[The problem]
Exactly and only the lines below from the one containing "Supporto Per La" down to the one containing "Venerdì 17 settembre" are wanted, both included; please exclude every picture.

[Entries shown]

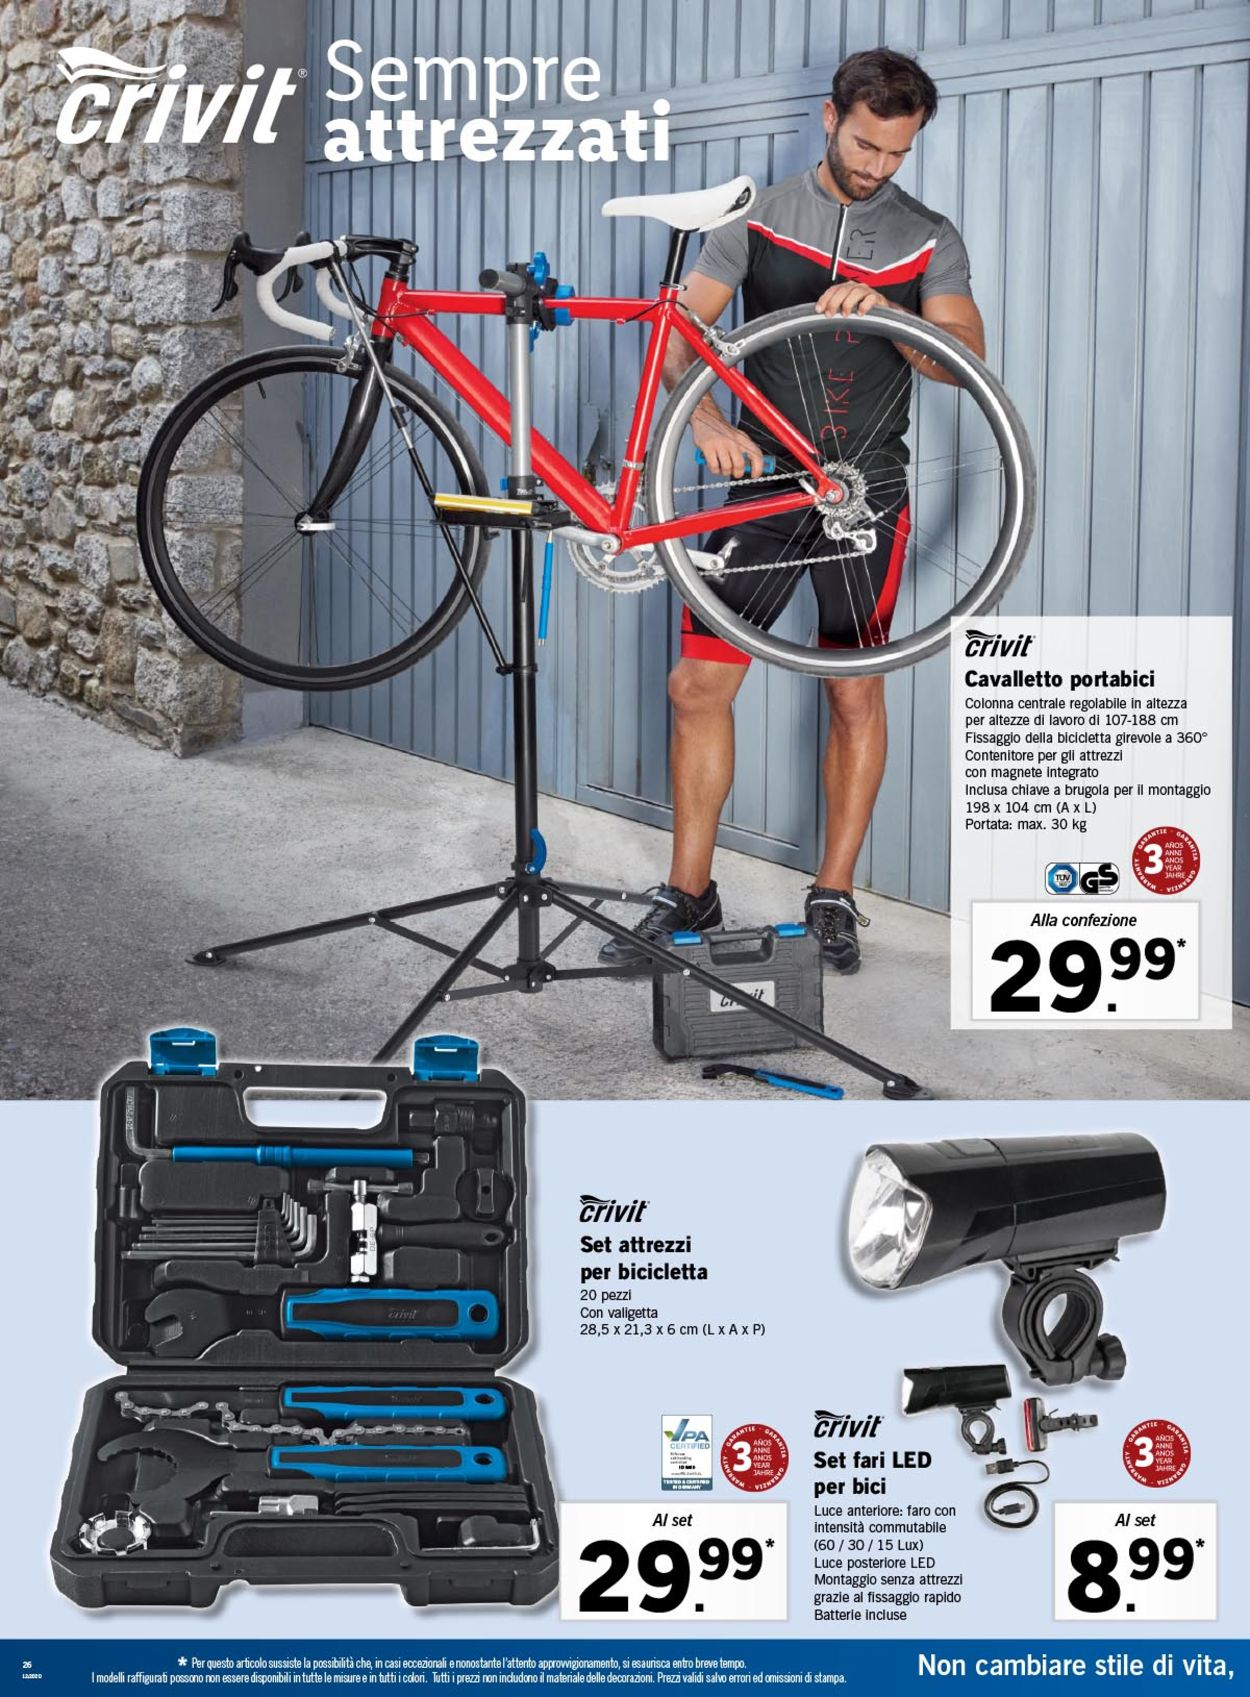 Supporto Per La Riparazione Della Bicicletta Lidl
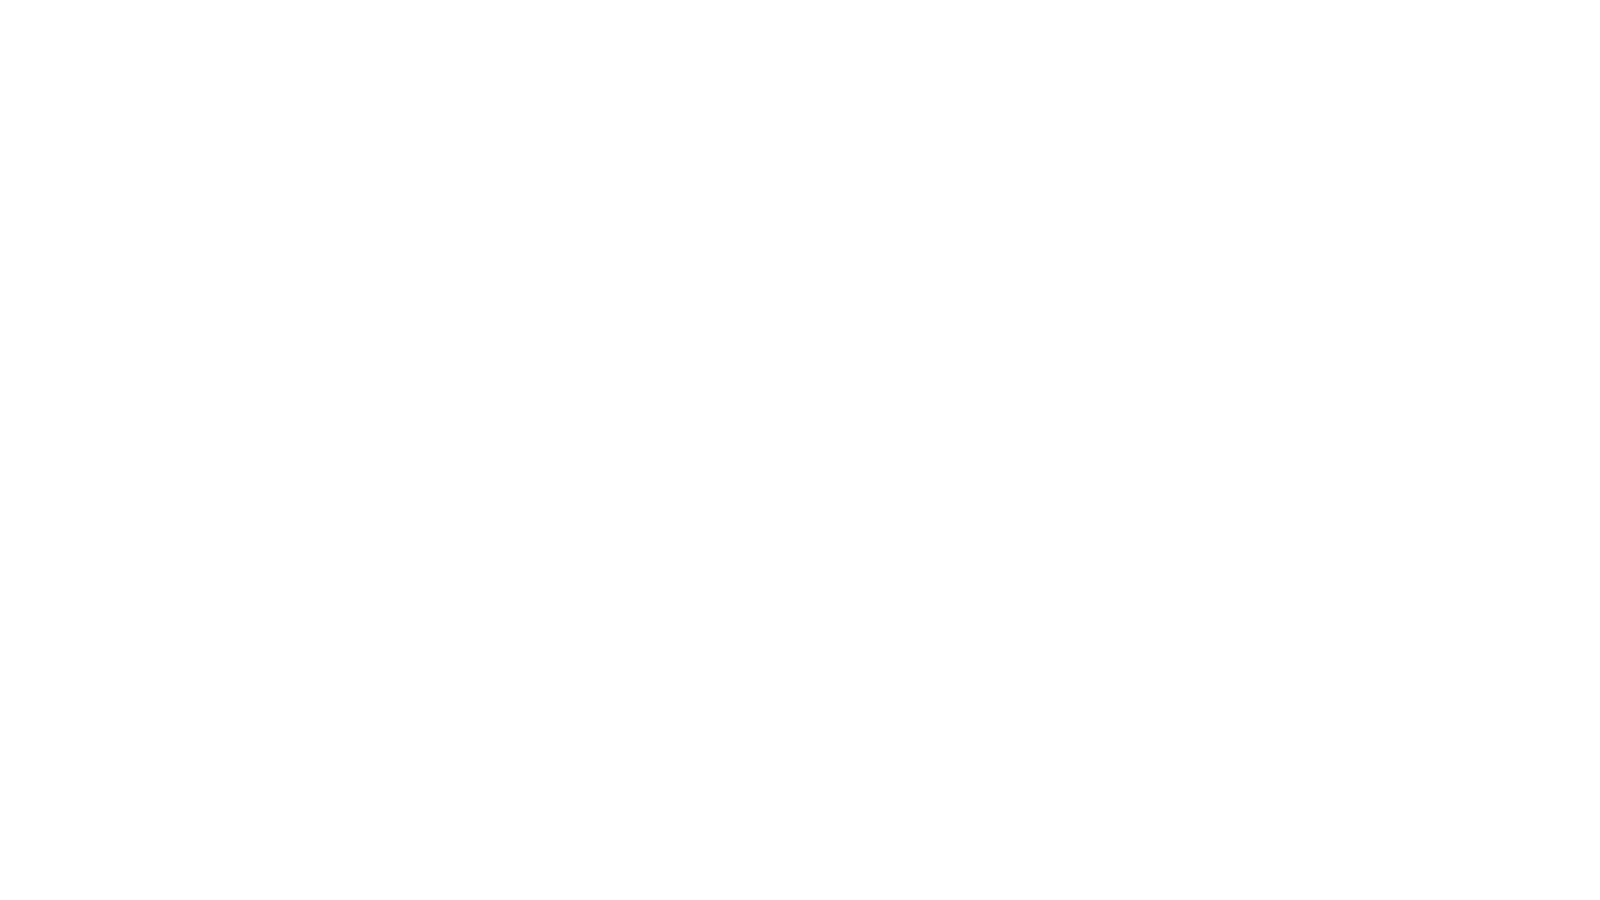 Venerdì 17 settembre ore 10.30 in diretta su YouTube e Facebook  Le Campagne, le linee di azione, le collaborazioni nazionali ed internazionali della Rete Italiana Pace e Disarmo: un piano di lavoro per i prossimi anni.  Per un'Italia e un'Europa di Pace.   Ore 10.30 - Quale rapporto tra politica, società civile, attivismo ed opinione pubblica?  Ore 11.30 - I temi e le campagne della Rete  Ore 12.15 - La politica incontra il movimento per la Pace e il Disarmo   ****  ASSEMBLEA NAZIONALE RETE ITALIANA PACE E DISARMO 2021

* * *

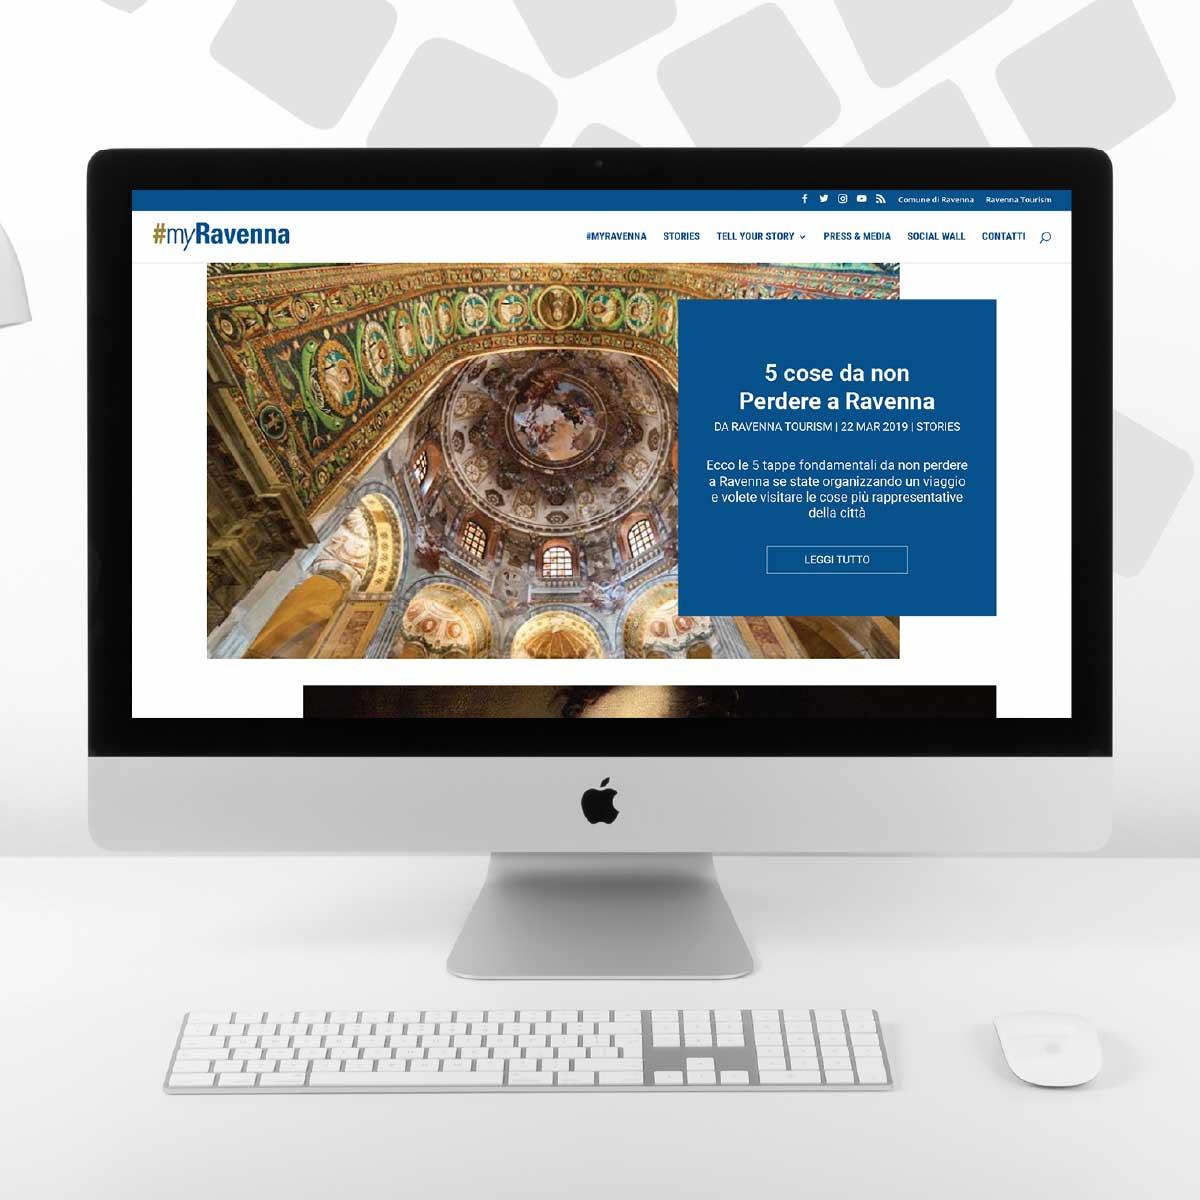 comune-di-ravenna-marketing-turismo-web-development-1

[Answer]
 Supporto Per La Riparazione Della Bicicletta Lidl
 Venerdì 17 settembre ore 10.30 in diretta su YouTube e Facebook  Le Campagne, le linee di azione, le collaborazioni nazionali ed internazionali della Rete Italiana Pace e Disarmo: un piano di lavoro per i prossimi anni.  Per un'Italia e un'Europa di Pace.   Ore 10.30 - Quale rapporto tra politica, società civile, attivismo ed opinione pubblica?  Ore 11.30 - I temi e le campagne della Rete  Ore 12.15 - La politica incontra il movimento per la Pace e il Disarmo   ****  ASSEMBLEA NAZIONALE RETE ITALIANA PACE E DISARMO 2021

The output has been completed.